Question

A survey of 70 people found that 50 people like coffee, 25 like tea, and 13 like both.How many people like coffee or tea, or both?

Answer 1

Explanation:

your question is strange.

first you tell us that 50 people like coffee, 25 like tea, and 13 like both.

and then you ask how many like coffee or tea or both.

is this a joke ? or do you rather mean how many like only coffee, or only tea, and how many don't like neither ?

since 13 people like coffee and tea, these 13 are also part of the group of 50 that like coffee, and of the group of 25 that like tea.

so, to get the number of people that like only one, we need to deduct the number of people, who like both from both groups.
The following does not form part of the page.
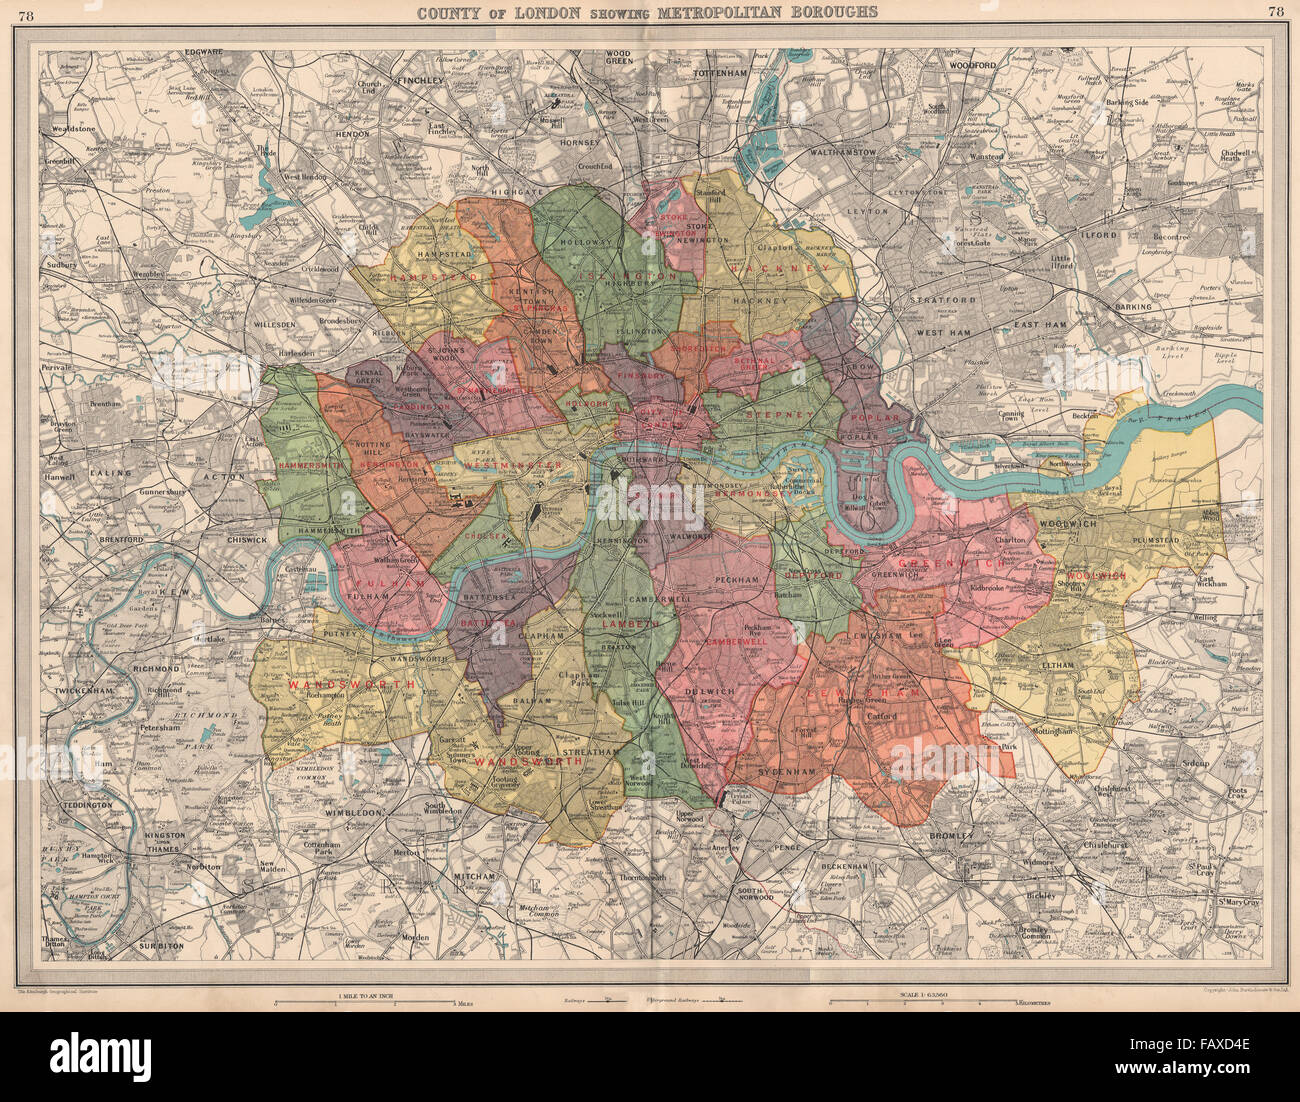 County Of London Showing Metropolitan Boroughs Railways Tube – Large London Map

the number of people that only like coffee is therefore

50 - 13 = 37

and the number of people that only like tea is

25 - 13 = 12

we know the number of people that like coffee and tea is 13.

together that are

37 + 12 + 13 = 62 people.

that means 70 - 62 = 8 people don't like neither coffee nor tea.

Answer 2

Answer: 62

Explanation:

Those who like coffee only = 50 - 13 = 37. Those who like tea only = 25 - 13 = 12. Those who like either coffee, or tea, or both = 37 + 12 + 13 = 62.

In theory, the 70 people being surveyed could fall under any of the following four categories:

1. Those who like coffee,
2. Those who like tea,
3. Those who like both coffee and tea,
4. Those who like neither coffee nor tea.

I have labelled the four categories 1, 2, 3 and 4 for convenient reference.

From the information provided in the question, category 1 contains 50 people, category 2 contains 25 people, while category 3 contains 13 people. We do not yet know how many people fall under category 4, but we shall calculate it.

We know from set theory that the four aforementioned categories are known formally as sets. A set is simply a group of objects or things that are similar in some way. Each of the objects in a set is called a member of that set. Two sets can intersect. The intersection of two sets is simply the collection of members that are in both of the two sets. Also, two sets can unite. The union of two sets is the collection of members that in either of the two sets.

For example, category 3 is the intersection of category 1 and 2. The question requires us to calculate the union of category 1 and 2.